Usually, Stanford economics professor and remote working expert Nick Bloom said Fortunecompanies screw up these kinds of plans because they fundamentally misunderstand Why people want to work in person or remotely in the first place. The disaster scenario, in which too many companies find themselves, is when everyone has to come two days a week or so, without more clarity.

“Then they come in and realize their team is home, which defeats the purpose,” Bloom said. “They didn’t come to use the ping-pong table, and there’s no point in just coming in to shout at Zoom all day.” Additionally, Bloom, who advocates organized hybrid arrangements, agrees with pro-office fanatic Benioff that new workers need the office the most.

#3: Remote workers set in 3.5 hours less per week compared to in-person workers

Sure, it’s true that remote workers run errands, exercise, and do laundry between 9 a.m. and 5 p.m., but how much? A working paper submitted to the National Bureau of Economic Research in January found that remote workers around the world save an average of 72 minutes a day simply by avoiding their commute, and that on average, of that time saved, 40% are spent on extra work.

Drum is unconvinced of the effects in America, as is the federal government’s data set.

For his part, Drum sees a 3.5 hour drop in hours worked, and he got the figure from an October 2022 report by Liberty Street Economics, an arm of the Federal Reserve Bank of New York. Researchers David Dam, Davide Melcangi, Laura Pilossoph and Aidan Toner-Rodgers performed calculations based on the American Time Use Survey, a nationally representative Bureau of Labor Statistics survey that measures both the time people spend on various activities and where the activities occur. In a damning chart, they found that remote workers “decrease the time spent working” and instead increase their time spent on “leisure and sleep”. The graph clearly showed an increase of about between three and hours of time spent on things that, well, don’t work.
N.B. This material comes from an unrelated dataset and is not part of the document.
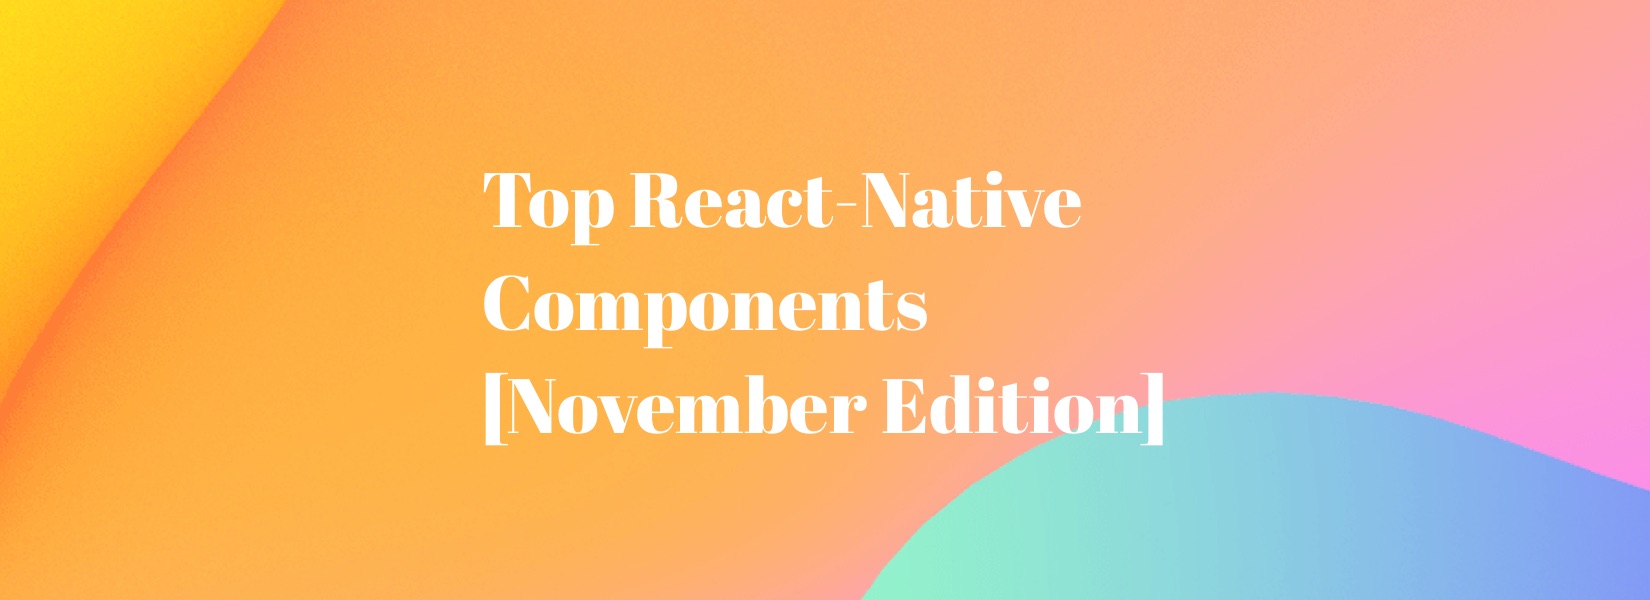 Top React-Native Components (November Edition)

Perhaps in the rest of the world workers are taking time off from commuting and putting it back into work, but the government’s own data in the United States tells a different story. A story of 3.5 hours less.

#4: Productivity drops on days when everyone is working remotely (for the record)
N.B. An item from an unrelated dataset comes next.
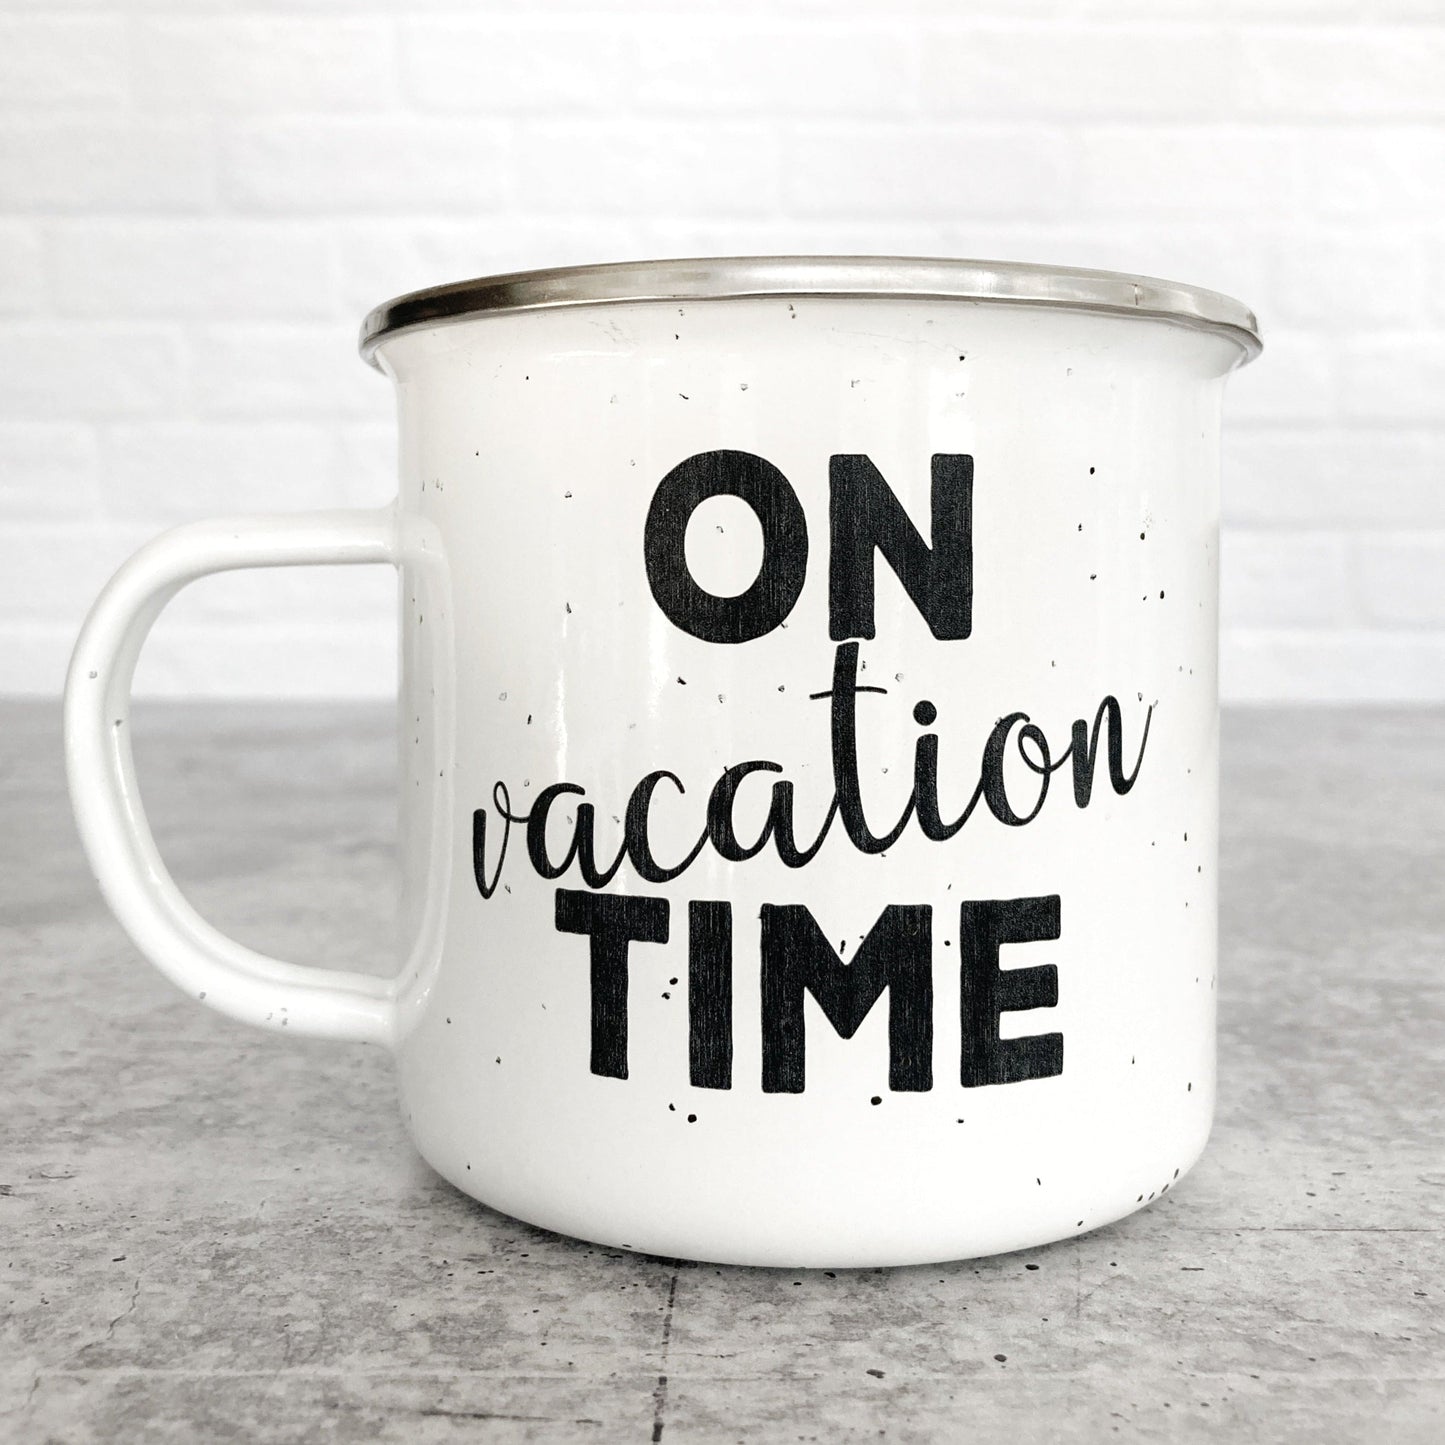 On Vacation time design on a white enamel mug

In March, Drum wrote an article highlighting what the CEO of an HR tech company told the the wall street journal: On days when his team works remotely, the number of new subscribers drops by 30%. But that’s just an anecdote; even Drum himself says the stat is amazing – “if [the CEO] do not exagerate.”

A strong piece of data in Drum’s favor here is the shocking drop in productivity for five consecutive quarters, unprecedented in the post-war period. EY-Parthenon chief economist Gregory Daco said Fortune that he has heard similar stories from clients in all industries of “reduced productivity due to the new work environment”. Daco added that remote work is only one piece of the puzzle here. “The difficulty is that there is no magic wand of productivity.”

Other experts are more skeptical. “What I suspect is that if you spent all of your time at work talking about the Super Bowl, politics, your weekend, etc., working from home would involve more actual work minutes. [than working in an office]“said Bloom, the remote work evangelist The wealth Tristan Bove.

The workers themselves certainly do not agree on this point. According to a recent Pew Research survey, remote workers (particularly parents and caregivers) have a better work-life balance and are more productive and focused. According to an October 2022 survey of white-collar workers from Slack’s think tank, Future Forum, those with full schedule flexibility showed 29% higher productivity scores than employees with no flexibility at all, and workers remote and hybrids reported 4% higher productivity than their full-station counterparts.

Respondents to the Pew survey acknowledged that being out of the office can hurt their opportunities for advancement, mentorship and connection, but believe they are more productive.

But the tide is turning for many reasons, and whether workers think they’re more productive remotely or actually are, they may not really have a choice in the matter.